Will capture the result (stdout) of myscript.sh into var. I could redirect stderr into stdout if I wanted to capture both. How to save each of them to separate variables?

My use case here is if the return code is nonzero I want to echo stderr and suppress otherwise. There may be other ways to do this but this approach seems it will work, if it's actually possible.

Answer

gniourf_gniourf picture gniourf_gniourf · Nov 9, 2014

There's a really ugly way to capture stderr and stdout in two separate variables without temporary files (if you like plumbing), using process substitution, source, and declare appropriately. I'll call your command banana. You can mimic such a command with a function:

banana() {
    echo "banana to stdout"
    echo >&2 "banana to stderr"
}

I'll assume you want standard output of banana in variable bout and standard error of banana in variable berr. Here's the magic that'll achieve that (Bash≥4 only):

. <({ berr=$({ bout=$(banana); } 2>&1; declare -p bout >&2); declare -p berr; } 2>&1)
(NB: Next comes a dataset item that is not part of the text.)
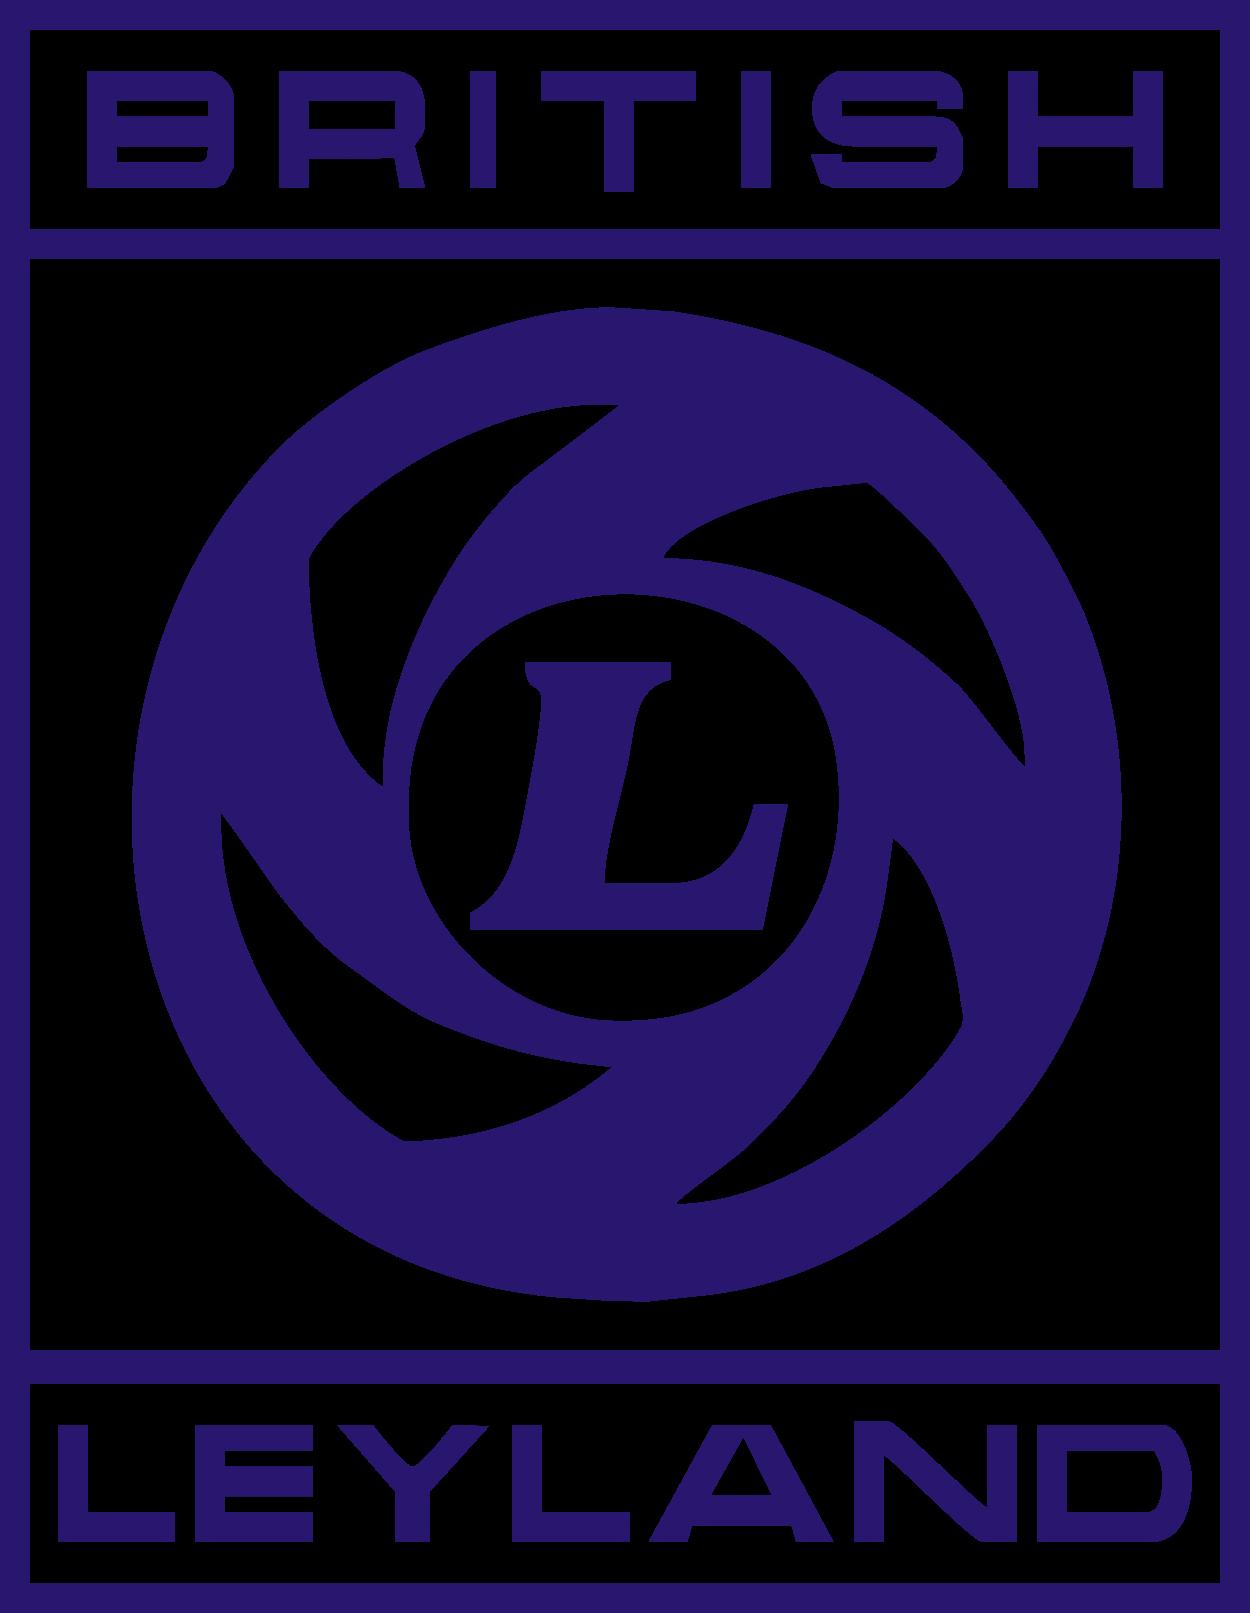 small resolution of british leyland logo

So, what's happening here?

Let's start from the innermost term:

bout=$(banana)

This is just the standard way to assign to bout the standard output of banana, the standard error being displayed on your terminal.

Then:

{ bout=$(banana); } 2>&1

will still assign to bout the stdout of banana, but the stderr of banana is displayed on terminal via stdout (thanks to the redirection 2>&1.

Then:

{ bout=$(banana); } 2>&1; declare -p bout >&2

will do as above, but will also display on the terminal (via stderr) the content of bout with the declare builtin: this will be reused soon.

Then:

berr=$({ bout=$(banana); } 2>&1; declare -p bout >&2); declare -p berr

will assign to berr the stderr of banana and display the content of berr with declare.
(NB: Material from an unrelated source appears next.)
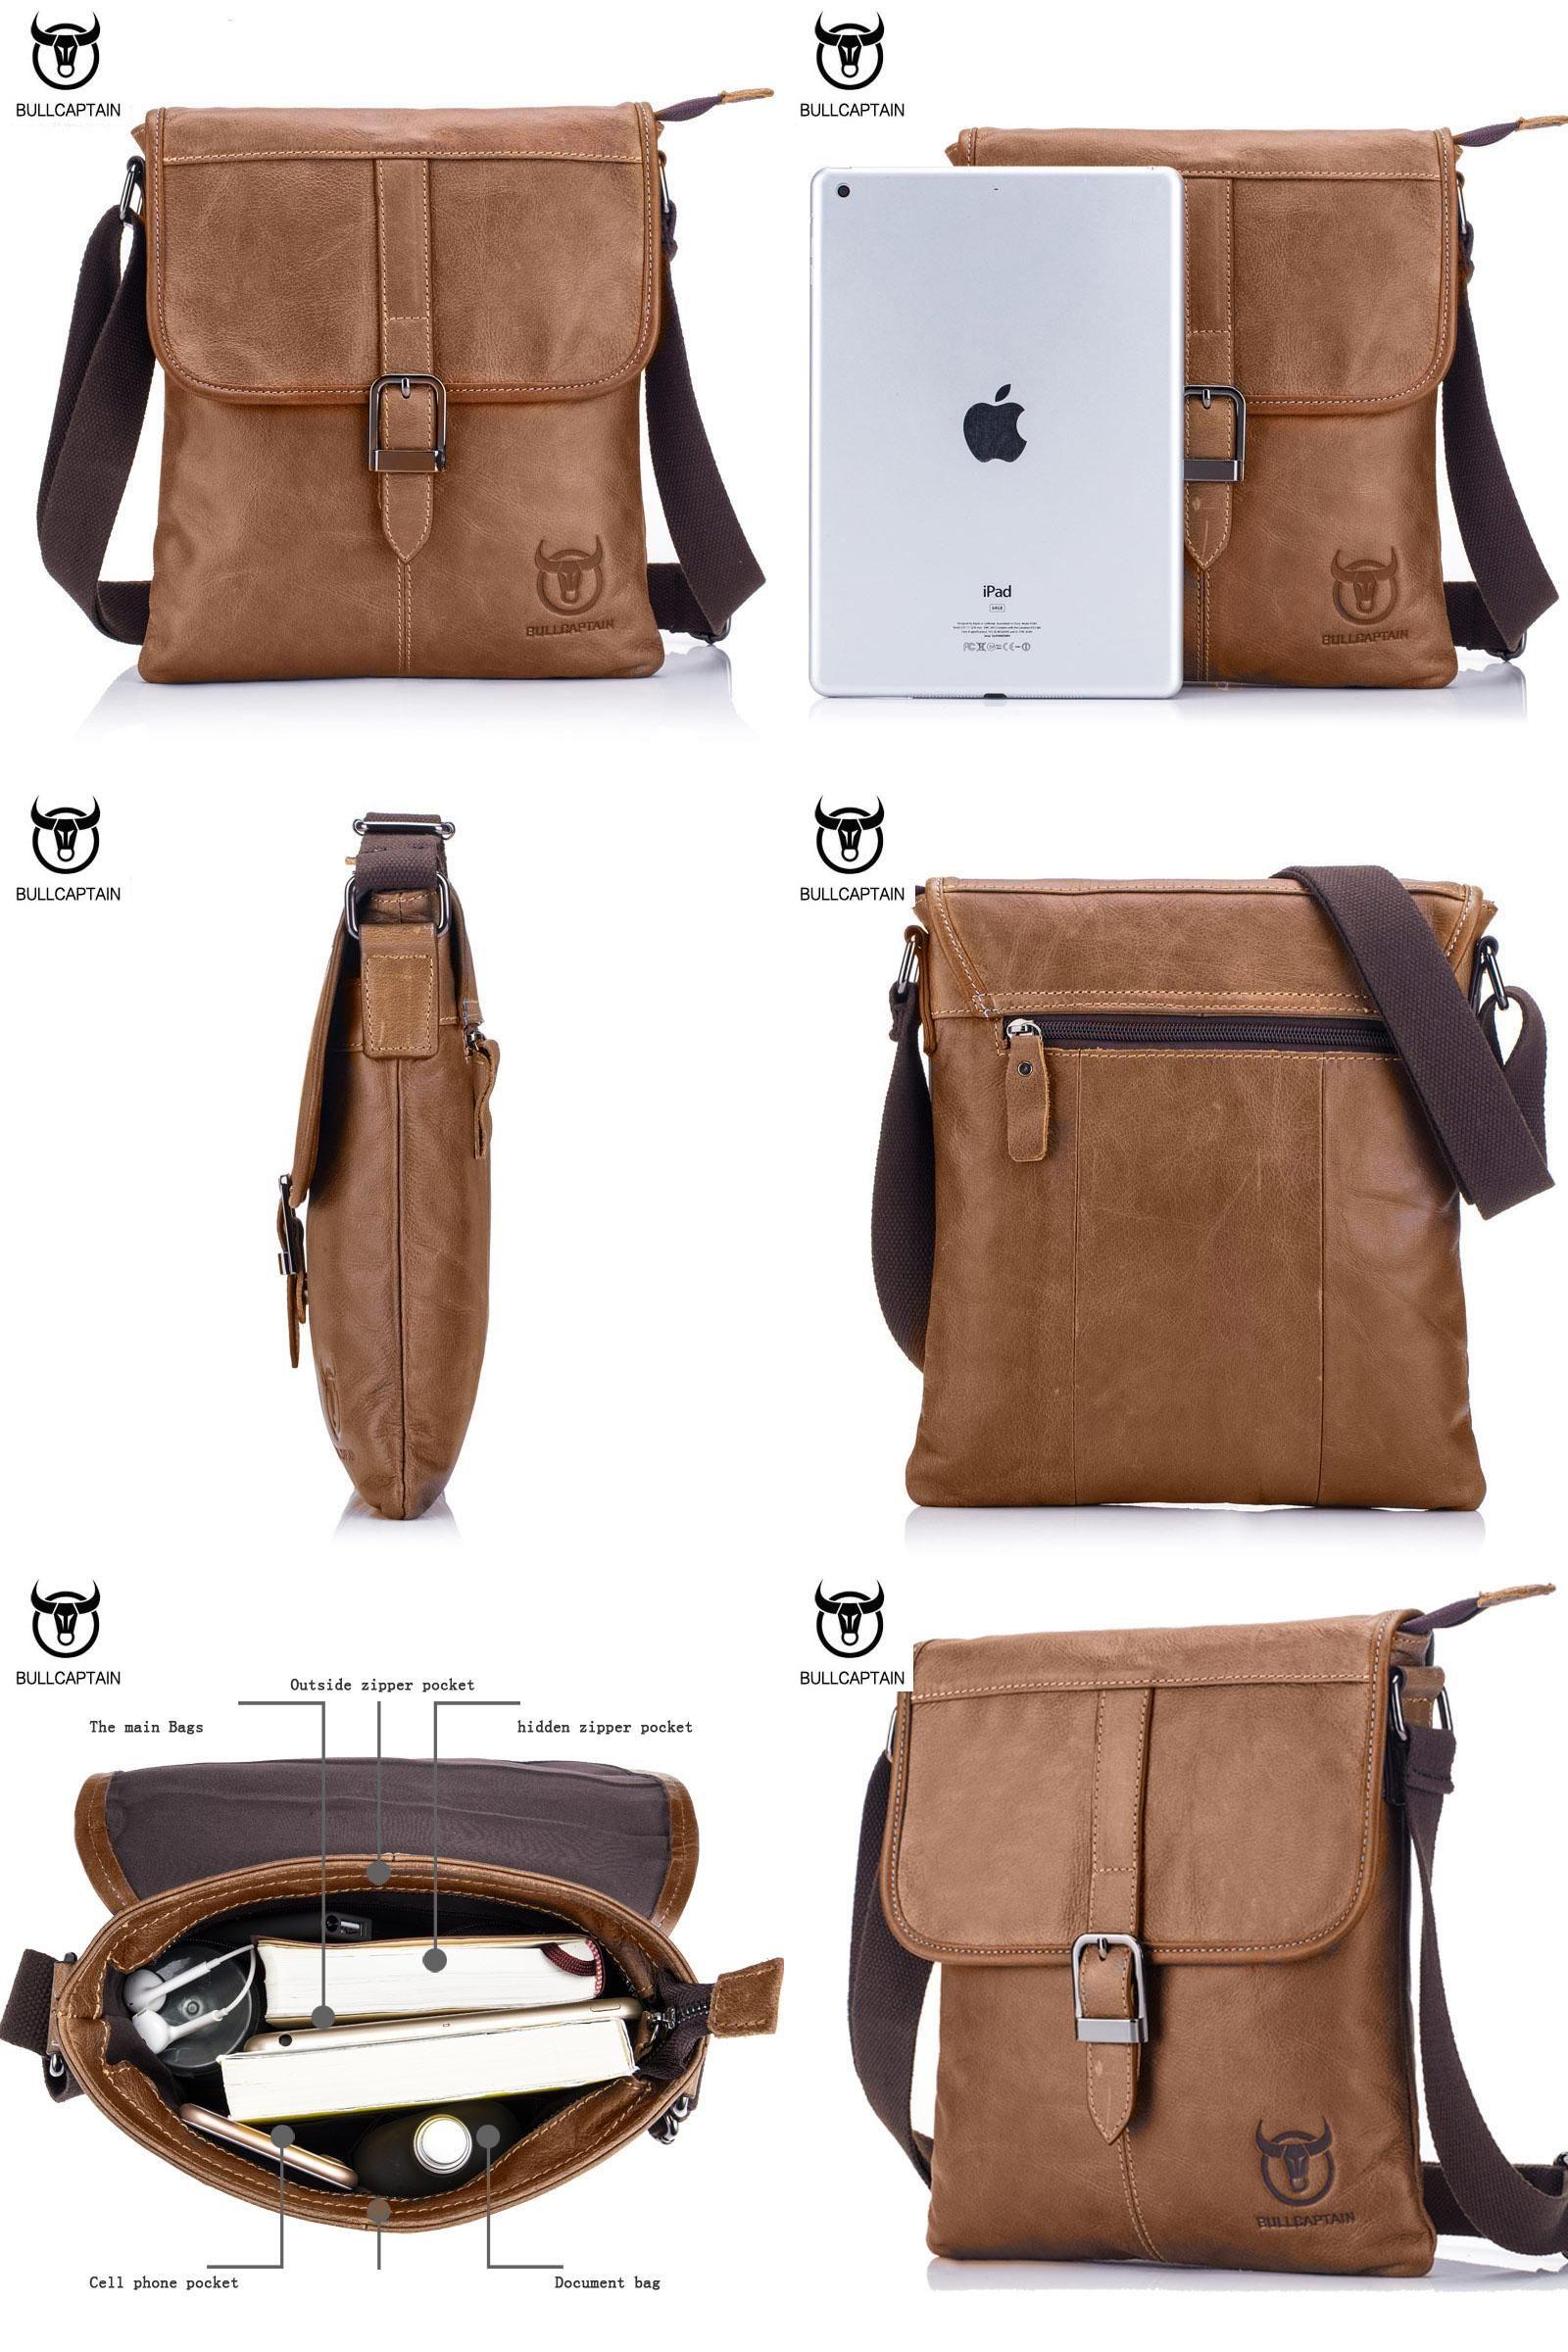 85cb137f7e29  Visit to Buy  BULL CAPTAIN 2017 Vintage Bag Genuine Leather Man Piping  Design Crossbody

At this point, you'll have on your terminal screen:

declare -- bout="banana to stdout"
declare -- berr="banana to stderr"

with the line

declare -- bout="banana to stdout"

being displayed via stderr.

A final redirection:

{ berr=$({ bout=$(banana); } 2>&1; declare -p bout >&2); declare -p berr; } 2>&1

will have the previous displayed via stdout.

Finally, we use a process substitution to source the content of these lines.


You mentioned the return code of the command too. Change banana to:

banana() {
    echo "banana to stdout"
    echo >&2 "banana to stderr"
    return 42
}

We'll also have the return code of banana in the variable bret like so:

. <({ berr=$({ bout=$(banana); bret=$?; } 2>&1; declare -p bout bret >&2); declare -p berr; } 2>&1)

You can do without sourcing and a process substitution by using eval too (and it works with Bash<4 too):

eval "$({ berr=$({ bout=$(banana); bret=$?; } 2>&1; declare -p bout bret >&2); declare -p berr; } 2>&1)"

And all this is safe, because the only stuff we're sourceing or evaling are obtained from declare -p and will always be properly escaped.


Of course, if you want the output in an array (e.g., with mapfile, if you're using Bash≥4—otherwise replace mapfile with a whileread loop), the adaptation is straightforward.

For example:

banana() {
    printf 'banana to stdout %d\n' {1..10}
    echo >&2 'banana to stderr'
    return 42
}

. <({ berr=$({ mapfile -t bout < <(banana); } 2>&1; declare -p bout >&2); declare -p berr; } 2>&1)

and with return code:

. <({ berr=$({ mapfile -t bout< <(banana; bret=$?; declare -p bret >&3); } 3>&2 2>&1; declare -p bout >&2); declare -p berr; } 2>&1)